Troubleshooting Guide#
This comprehensive guide includes solutions for common NVDebug issues and errors, organized by category for easy reference.
Installation Issues#
Common Installation Problems:
Problem |
Cause |
Solution |
---|---|---|
“Command not found” |
NVDebug not in PATH |
Add NVDebug to your PATH or reinstall |
Permission denied |
Insufficient privileges |
Use sudo for system-wide installation |
Python version error |
Incompatible Python version |
Install Python 3.12+ and ensure pip3 is used |
Network connectivity issues |
Firewall/network restrictions |
Check firewall rules and network configuration |
Installation Verification Commands:
# Check Python version
python3 --version
# Check pip installation
pip3 list | grep nvdebug
# Test network connectivity
ping <your_bmc_ip>
# Test SSH connectivity
ssh <username>@<host_ip>
Common Issues#
Authentication Problems
Error |
Cause |
Solution |
---|---|---|
“Authentication failed” |
Wrong username/password |
Verify credentials with system admin |
“Permission denied” |
Insufficient privileges |
Use admin account or request elevated access |
“Account locked” |
Too many failed attempts |
Wait 15 minutes or contact admin |
“Invalid credentials” |
Special characters in password |
Escape special characters or use quotes |
Network Connectivity Issues
Error |
Cause |
Solution |
---|---|---|
“Connection timeout” |
Network unreachable |
Check network connectivity and firewall |
“Connection refused” |
Service not running |
Verify BMC is powered on and accessible |
“Host unreachable” |
Wrong IP address |
Verify BMC IP address is correct |
“SSL certificate error” |
Certificate issues |
Use –allow-insecure or update certificates |
Platform-Specific Issues
Error |
Cause |
Solution |
---|---|---|
“Platform not supported” |
Wrong platform type |
Check supported platforms list |
“Platform detection failed” |
BMC not responding |
Verify BMC is accessible and responding |
“Feature not available” |
Platform limitation |
Use compatible platform or contact support |
“Could not auto-detect platform and/or baseboard” |
BMC not responding or incompatible |
Manually specify platform and baseboard with -t and -b flags |
Connection Issues#
BMC Connection Failures
Symptoms:
“Unable to connect to BMC” error
Connection timeouts
SSH connection refused
Solutions:
# Test basic connectivity
ping 192.168.1.100
# Test BMC services
telnet 192.168.1.100 22
telnet 192.168.1.100 443
# Test with IPMI
ipmitool -I lanplus -H 192.168.1.100 -U admin -P password chassis status
# Use verbose mode for details
nvdebug -i 192.168.1.100 -u admin -p password -t "arm64" -v
Host Connection Errors:
Symptoms:
Host log collection fails
SSH timeout to host
Permission denied errors
Solutions:
# Test host connectivity
ping 192.168.1.50
# Test SSH access
ssh host_user@192.168.1.50 "echo 'SSH working'"
# Check sudo access
ssh host_user@192.168.1.50 "sudo -n true"
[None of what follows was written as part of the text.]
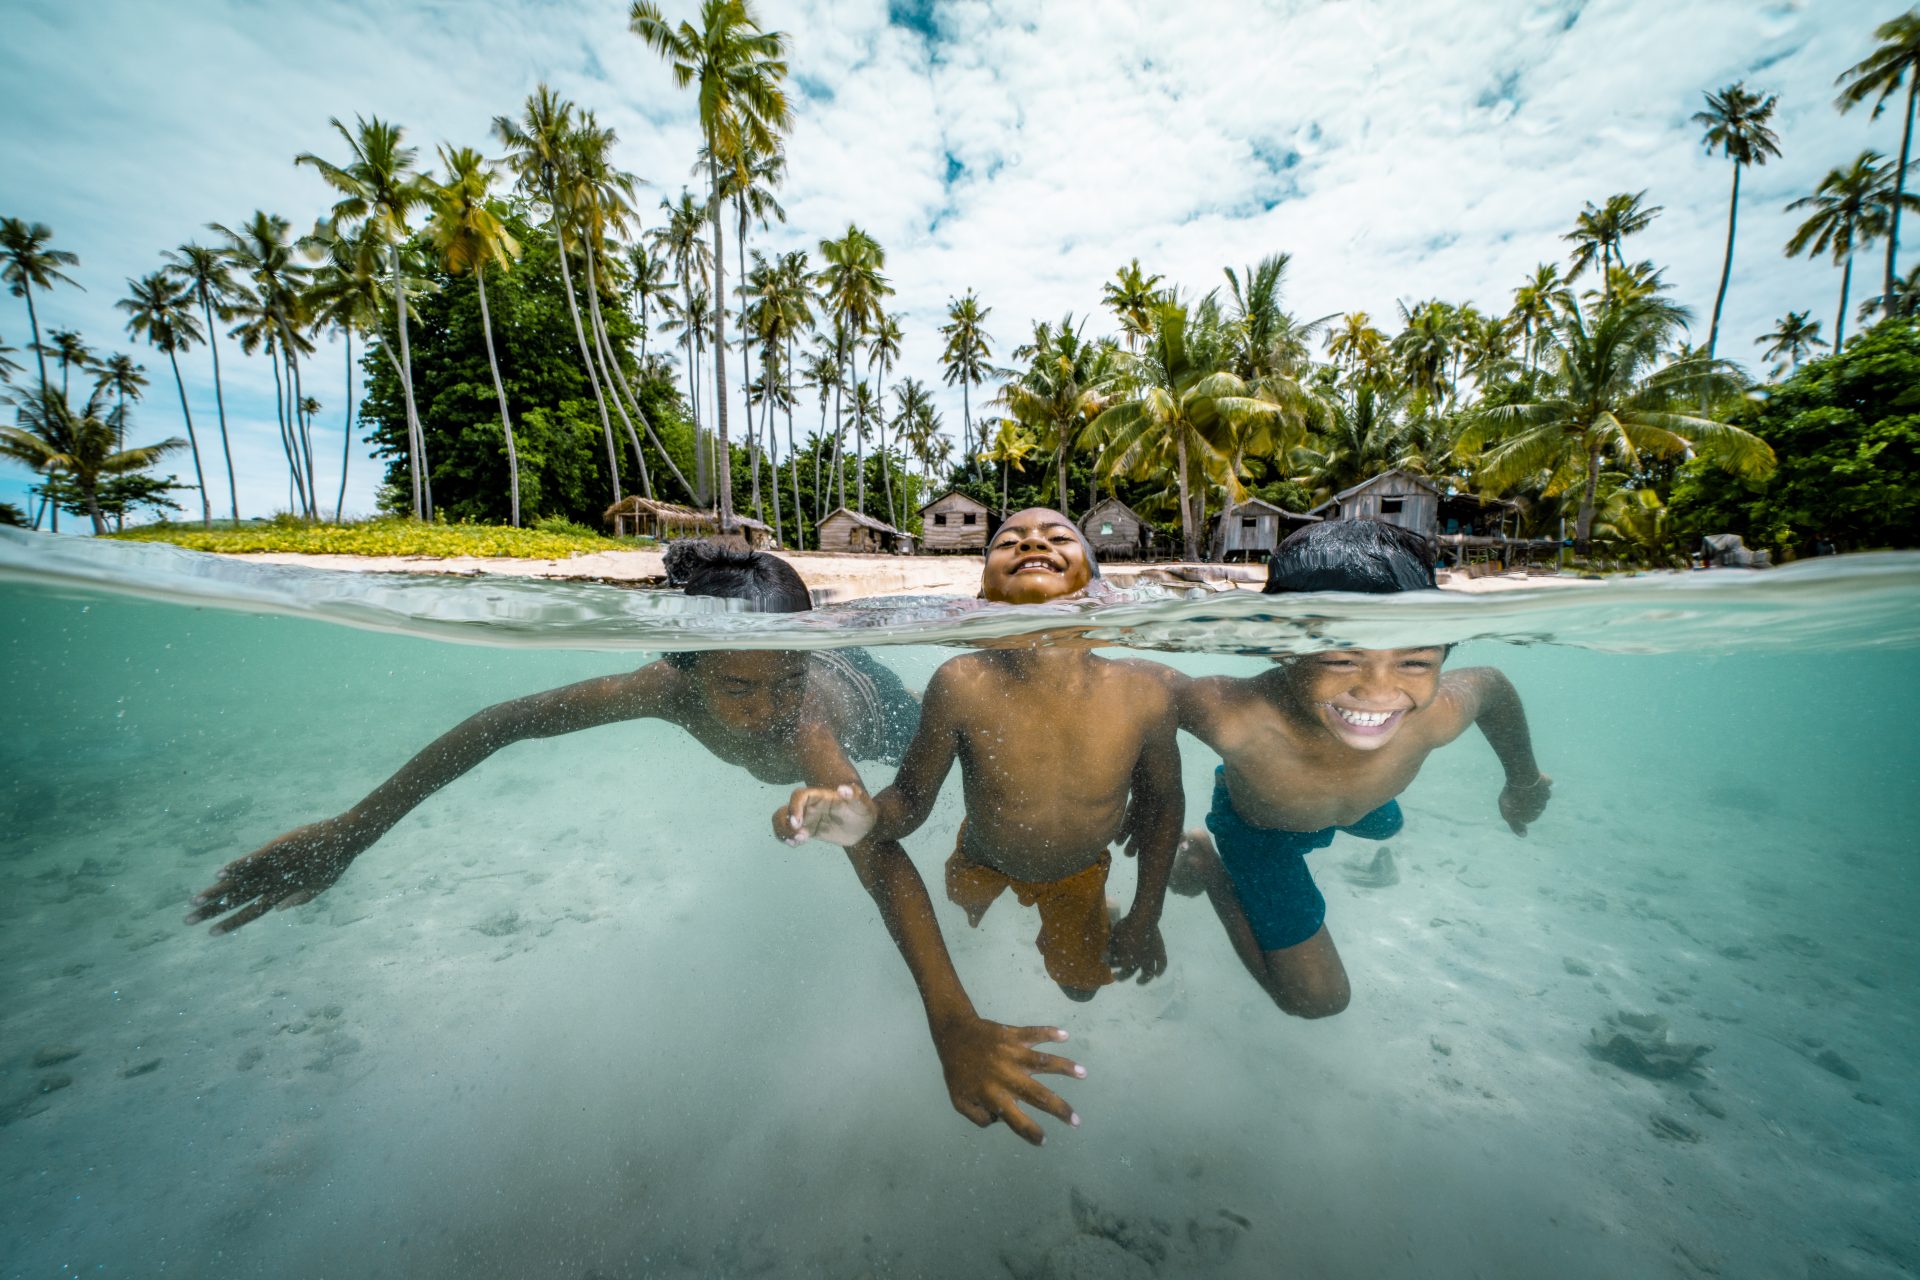 L'incredibile vita dei Bajau, il popolo con una mutazione genetica che vive nel mare
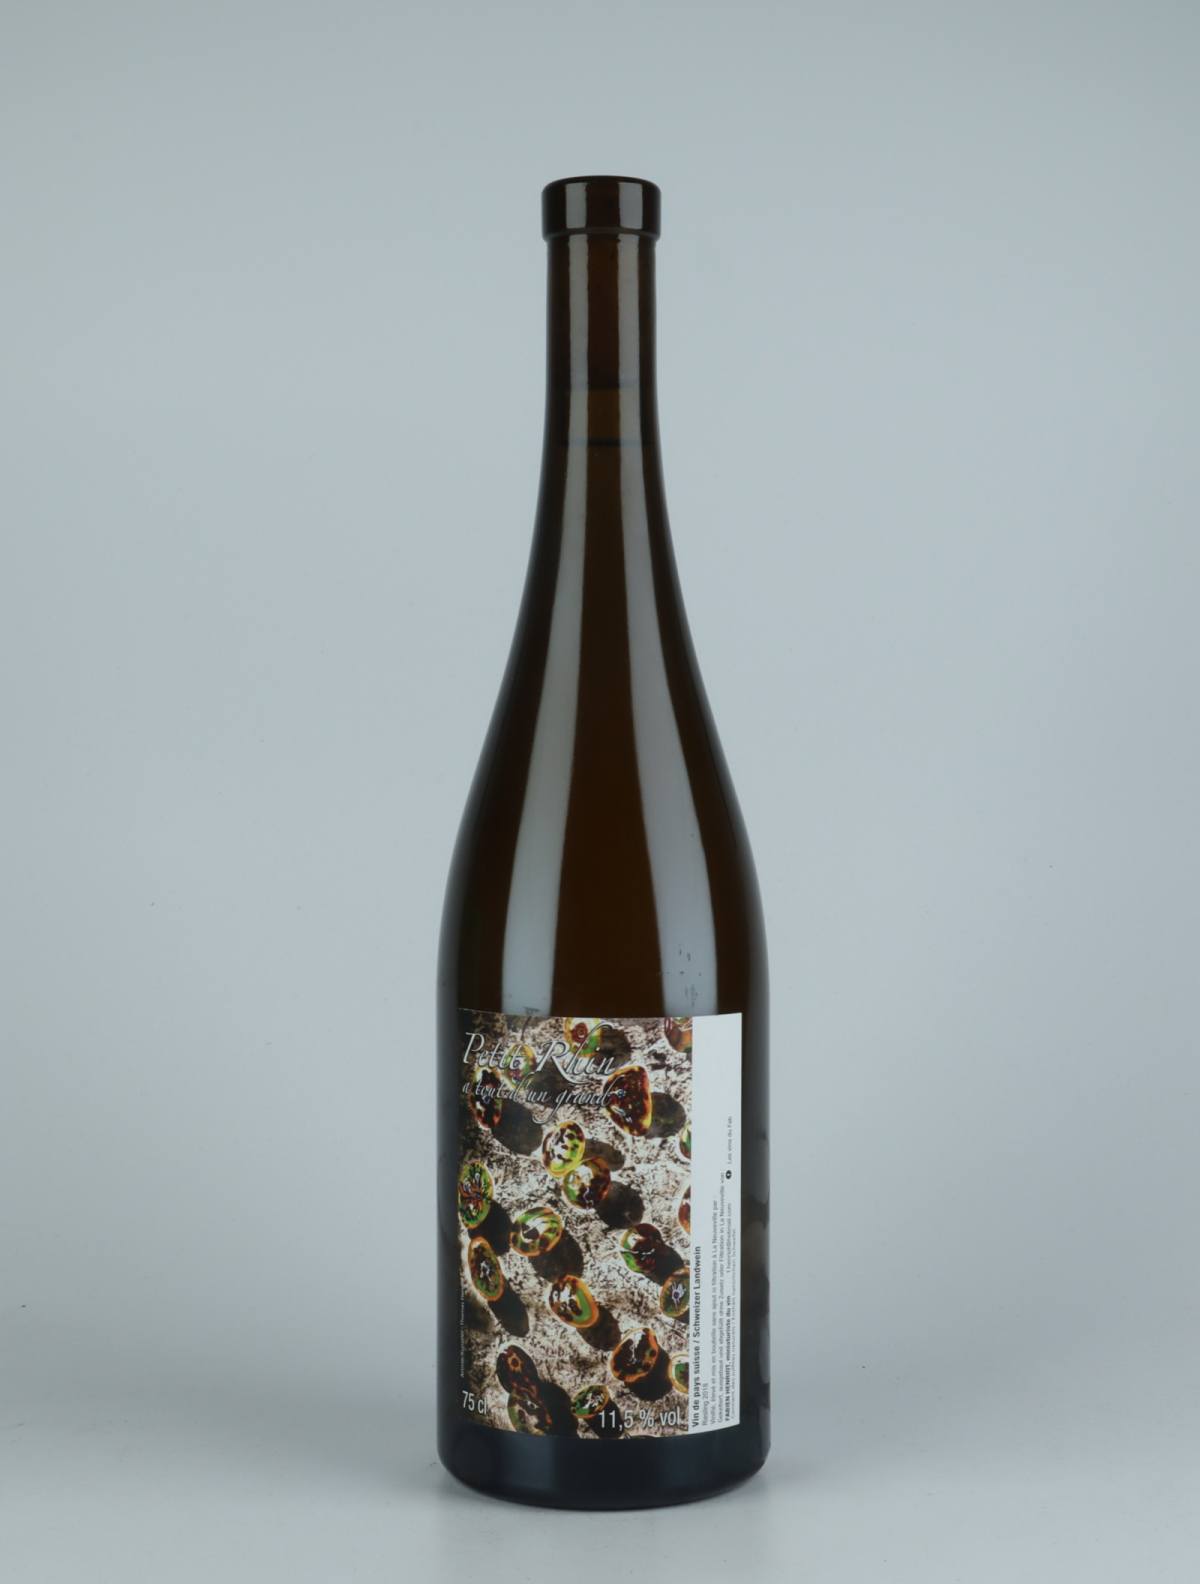 En flaske 2018 Riesling Hvidvin fra Les Vins du Fab, Neuchâtel i Schweiz

# Test with verbose output
nvdebug -i 192.168.1.100 -u admin -p password -t "arm64" \
-I 192.168.1.50 -U host_user -H host_pass -v
Log Collection Issues#
Insufficient Space
Symptoms:
“No space left on device” error
Failed .zip creation
Incomplete log collection
Solutions:
# Check disk usage
df -h /path/to/output
# Skip zip creation
nvdebug -i 192.168.1.100 -u admin -p password -t "arm64" -z
# Use smaller zip split threshold
nvdebug -i 192.168.1.100 -u admin -p password -t "arm64" --zipsplit_threshold 100
# Specify alternate output location
nvdebug -i 192.168.1.100 -u admin -p password -t "arm64" -o /tmp/nvdebug_output
Timeout Issues
Symptoms:
Collection process hangs
Partial log collection
Timeout errors
Solutions:
# Increase timeout in config
<Collector Specific Timeout Parameter>: 60 # Default is 30 seconds
# Collect in smaller batches
nvdebug -i 192.168.1.100 -u admin -p password -t "arm64" -S R1 R2
# Use verbose mode to see progress
nvdebug -i 192.168.1.100 -u admin -p password -t "arm64" -v
Debug Mode:
Enable verbose logging for detailed troubleshooting:
nvdebug -i <BMC_IP> -u <USER> -p <PASS> -t "arm64" -v
This provides:
Detailed error messages
API call traces
Timing information
Collection progress
Preflight Checks:
Run preflight checks before full collection:
nvdebug -i <BMC_IP> -u <USER> -p <PASS> -t "arm64" --preflight
Collector-Specific Issues:
[WARNING] Collector R3 failed: Network timeout
Solutions: - Check specific collector requirements - Verify BMC capabilities - Use -e flag to override restrictions - Check error logs in /path/to/output/error_logs/
Advanced Troubleshooting Techniques:
Verbose Mode for Debugging:
# Enable verbose logging output to the console
nvdebug -i <BMC_IP> -u <USER> -p <PASS> -v
Preflight Checks:
# Run preflight checks only against Out-of-band interfaces
nvdebug -i <BMC_IP> -u <USER> -p <PASS> --preflight
# Run preflight checks only against In-band interfaces
nvdebug -I <HOST_IP> -U <USER> -H <PASS> --preflight
# Run preflight checks against all interfaces
nvdebug -i <BMC_IP> -u <USER> -p <PASS> -I <HOST_IP> -U <USER> -H <PASS> --preflight
# Run preflight checks against all interfaces with configuration files
nvdebug -c <CONFIG_FILE> -d <DUT_CONFIG_FILE> --preflight
Specific Log Collection:
# Collect specific collectors by CID (Specify as many collectors as needed, delimit with space)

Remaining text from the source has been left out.